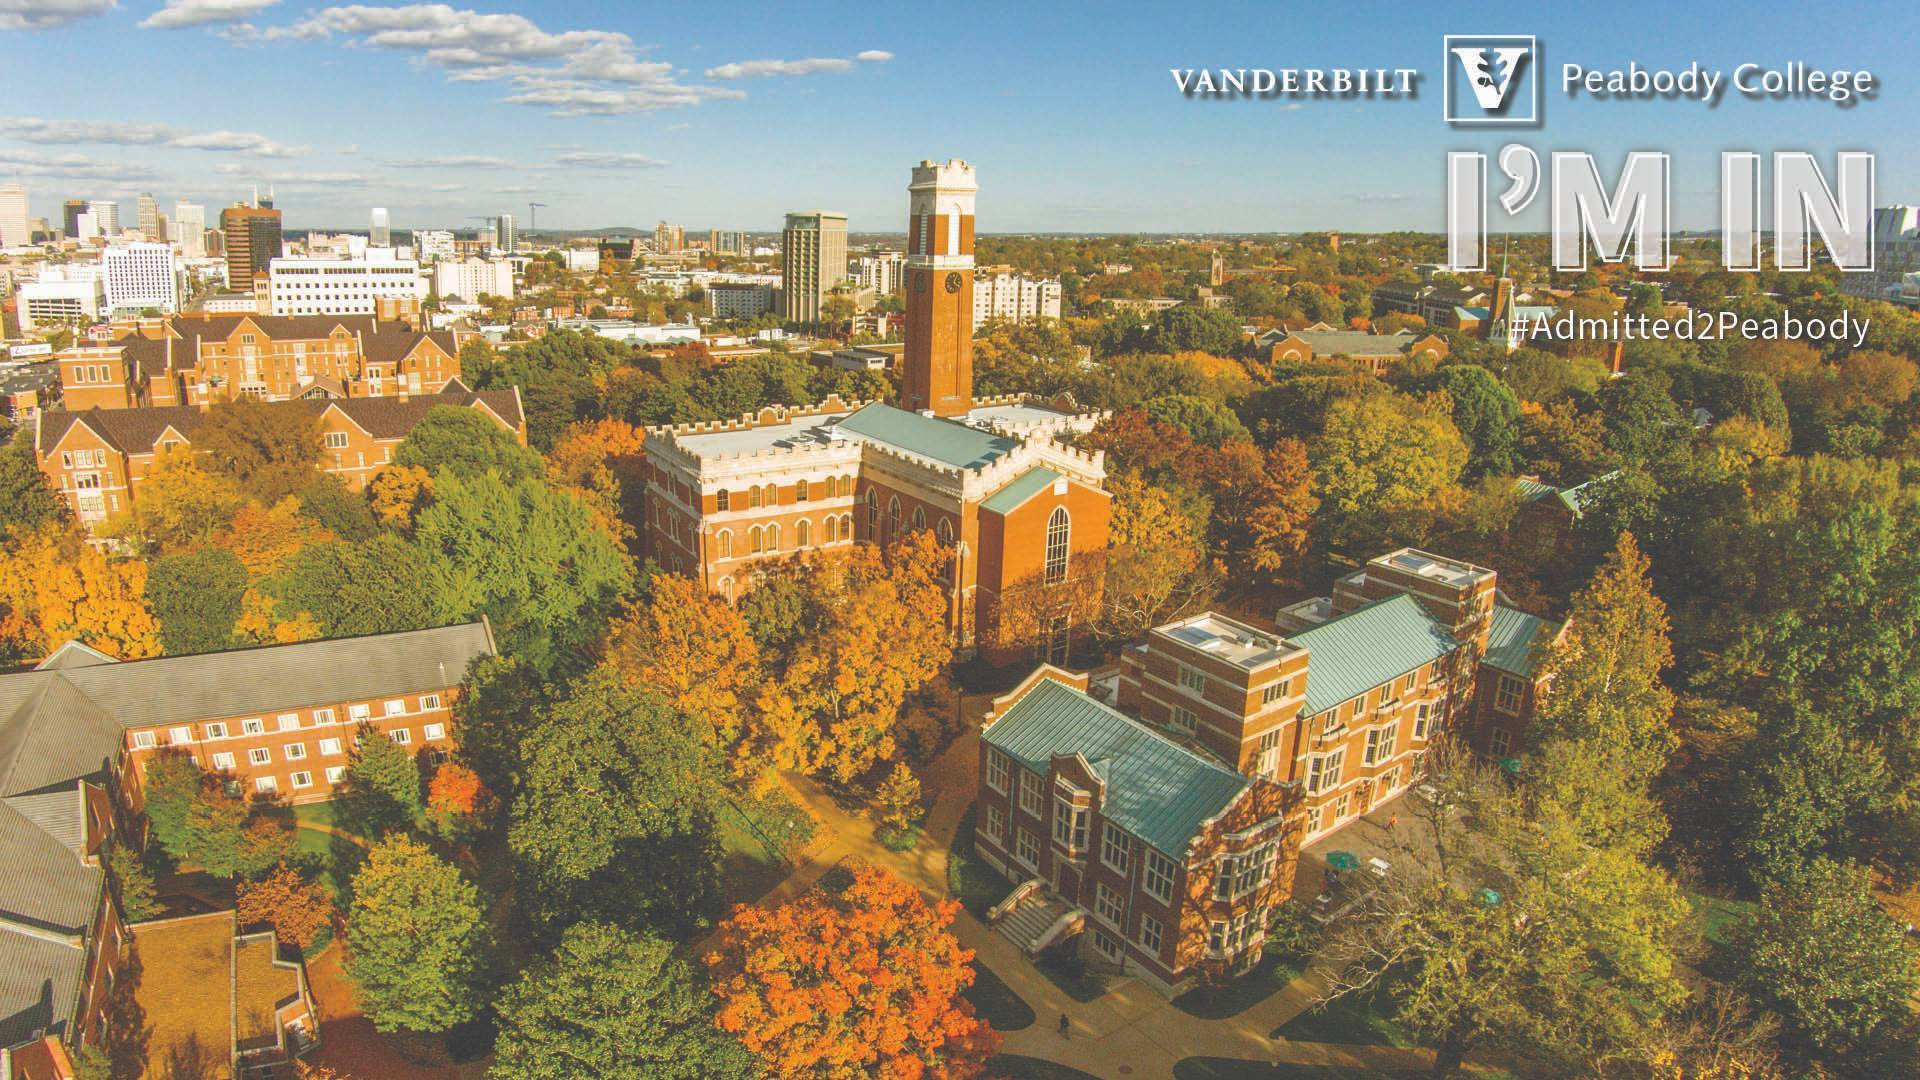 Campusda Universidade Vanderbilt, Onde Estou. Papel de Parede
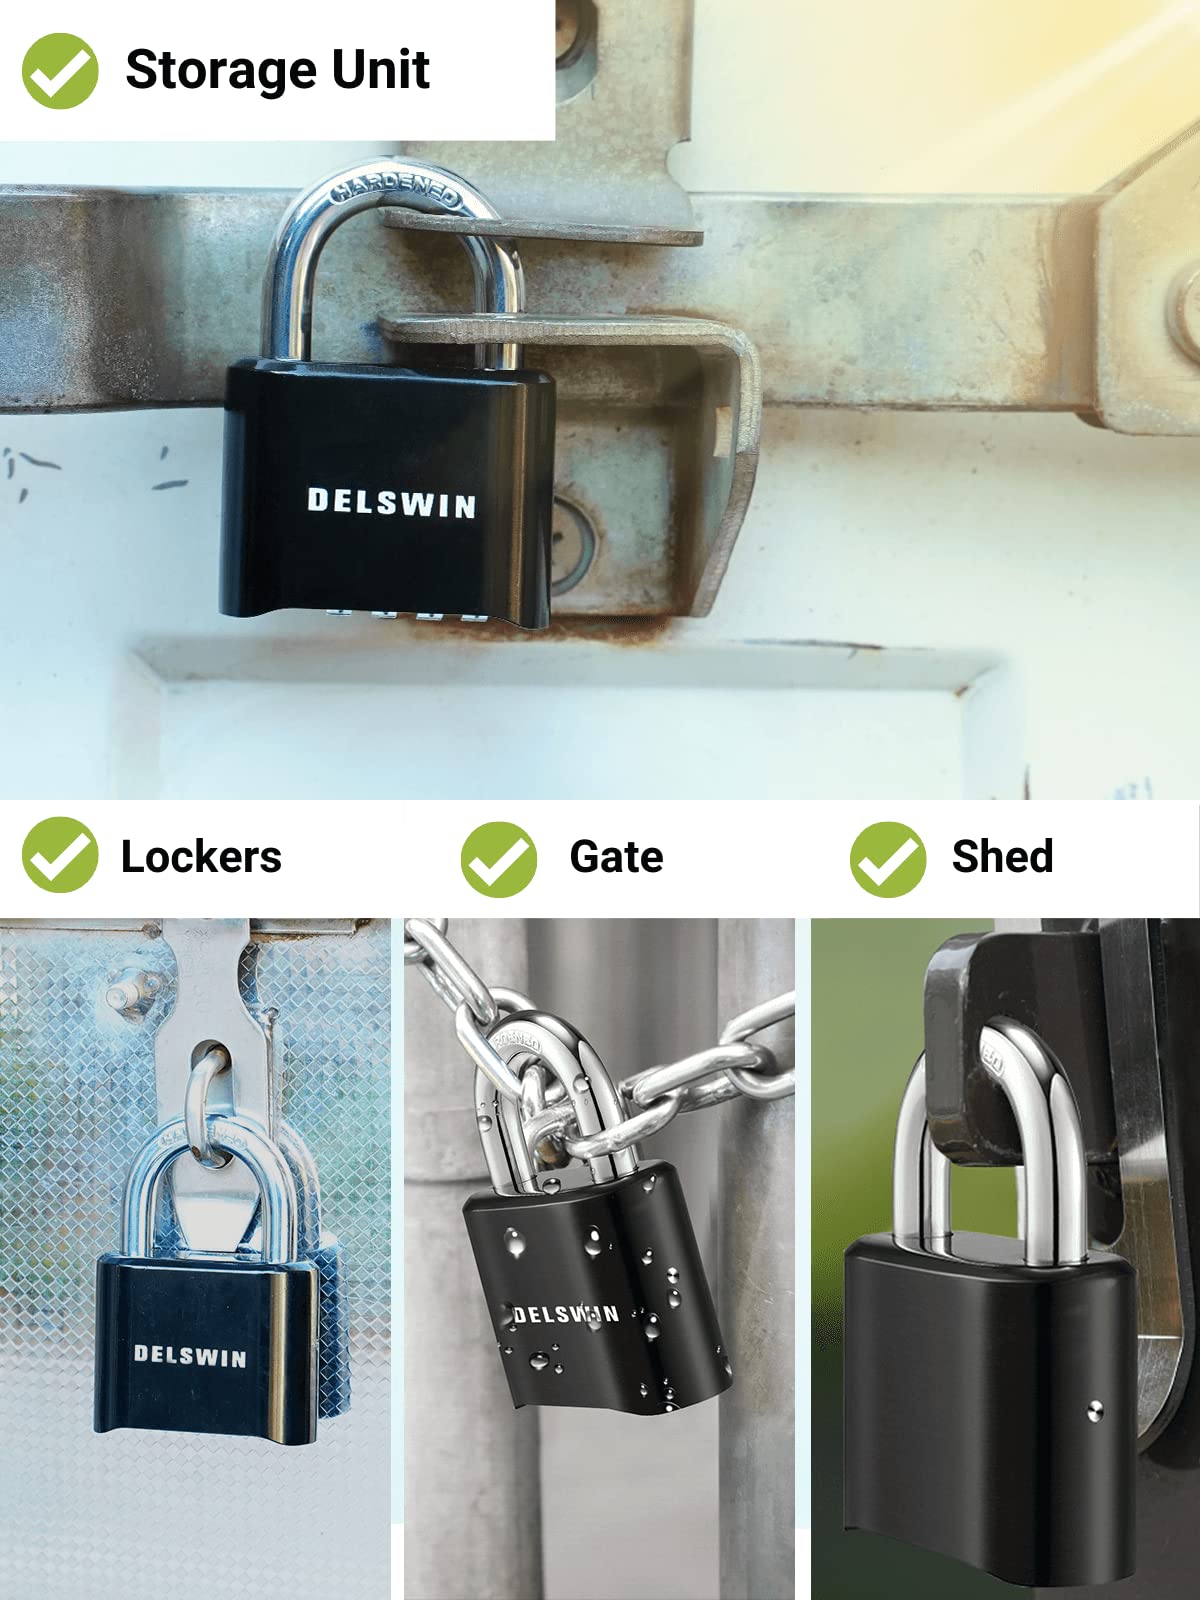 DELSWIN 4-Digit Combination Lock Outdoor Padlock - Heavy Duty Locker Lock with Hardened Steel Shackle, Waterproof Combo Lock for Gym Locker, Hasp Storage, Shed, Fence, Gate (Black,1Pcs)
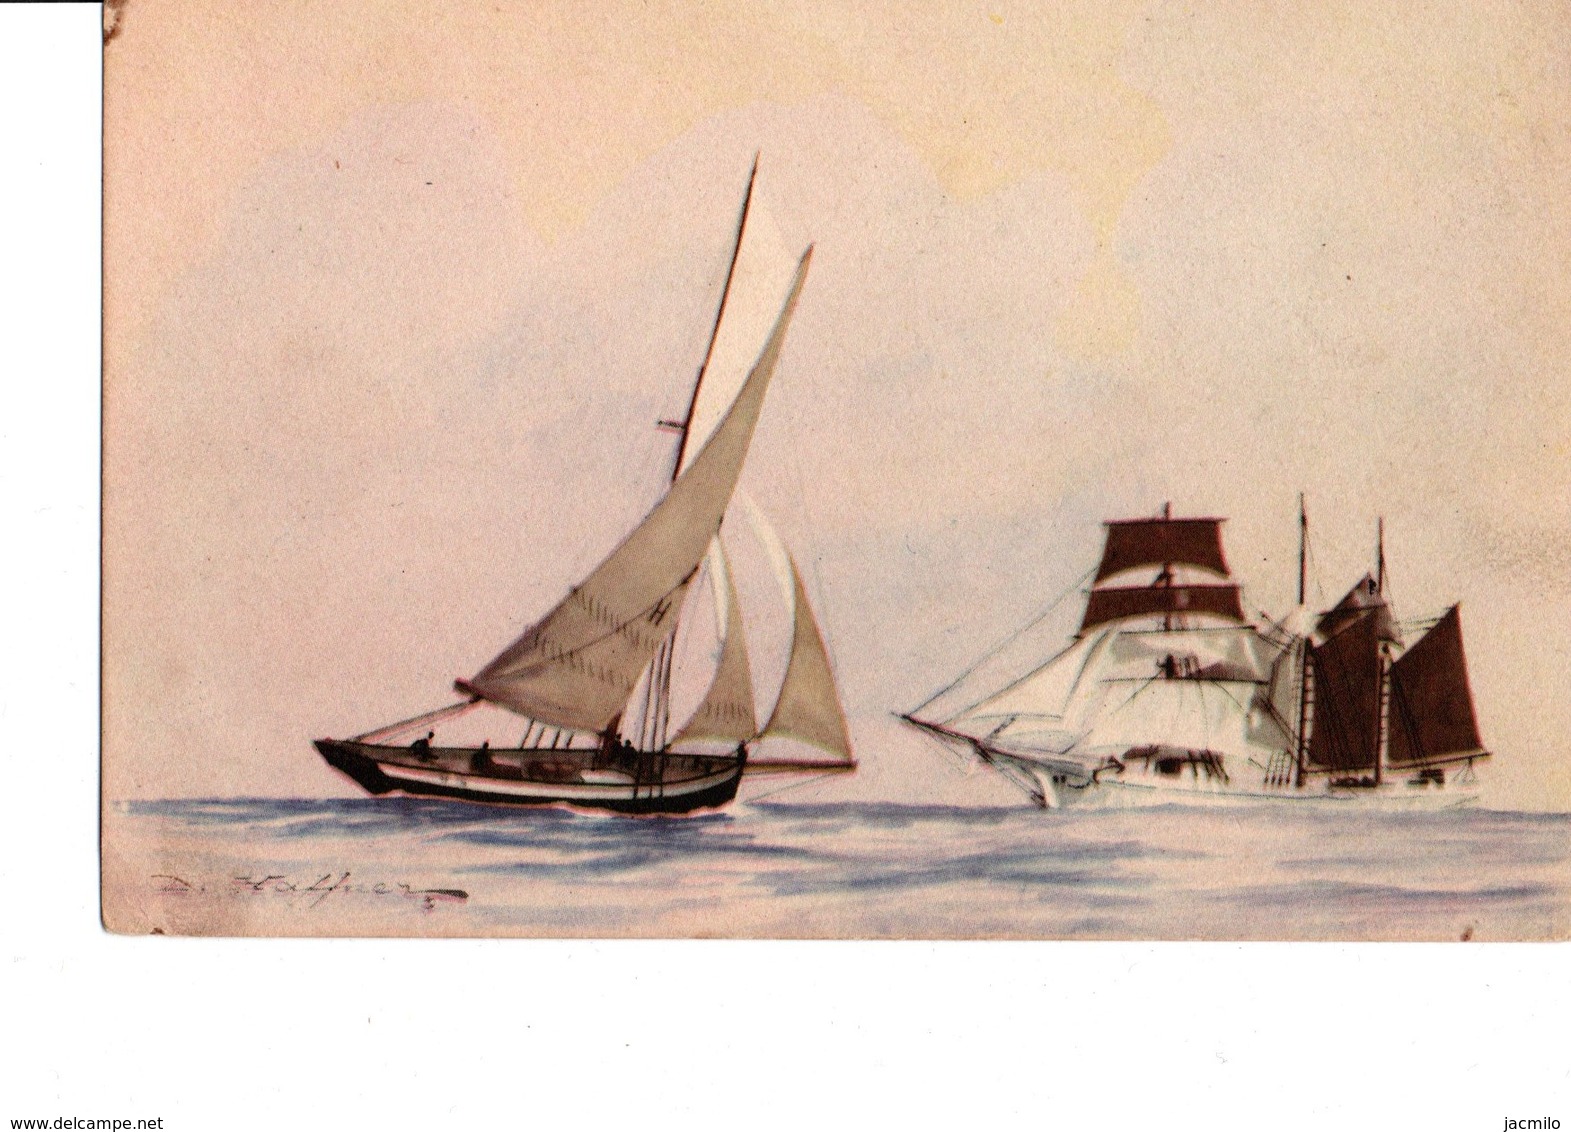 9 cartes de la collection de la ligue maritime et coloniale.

+---+

* [Prompt]:
Leave out every picture, and copy exactly the lines from the line that contains "DELSWIN 4-Digit Combination" through the end of the material.

* [Output below]:
 DELSWIN 4-Digit Combination Lock Outdoor Padlock - Heavy Duty Locker Lock with Hardened Steel Shackle, Waterproof Combo Lock for Gym Locker, Hasp Storage, Shed, Fence, Gate (Black,1Pcs)
 9 cartes de la collection de la ligue maritime et coloniale.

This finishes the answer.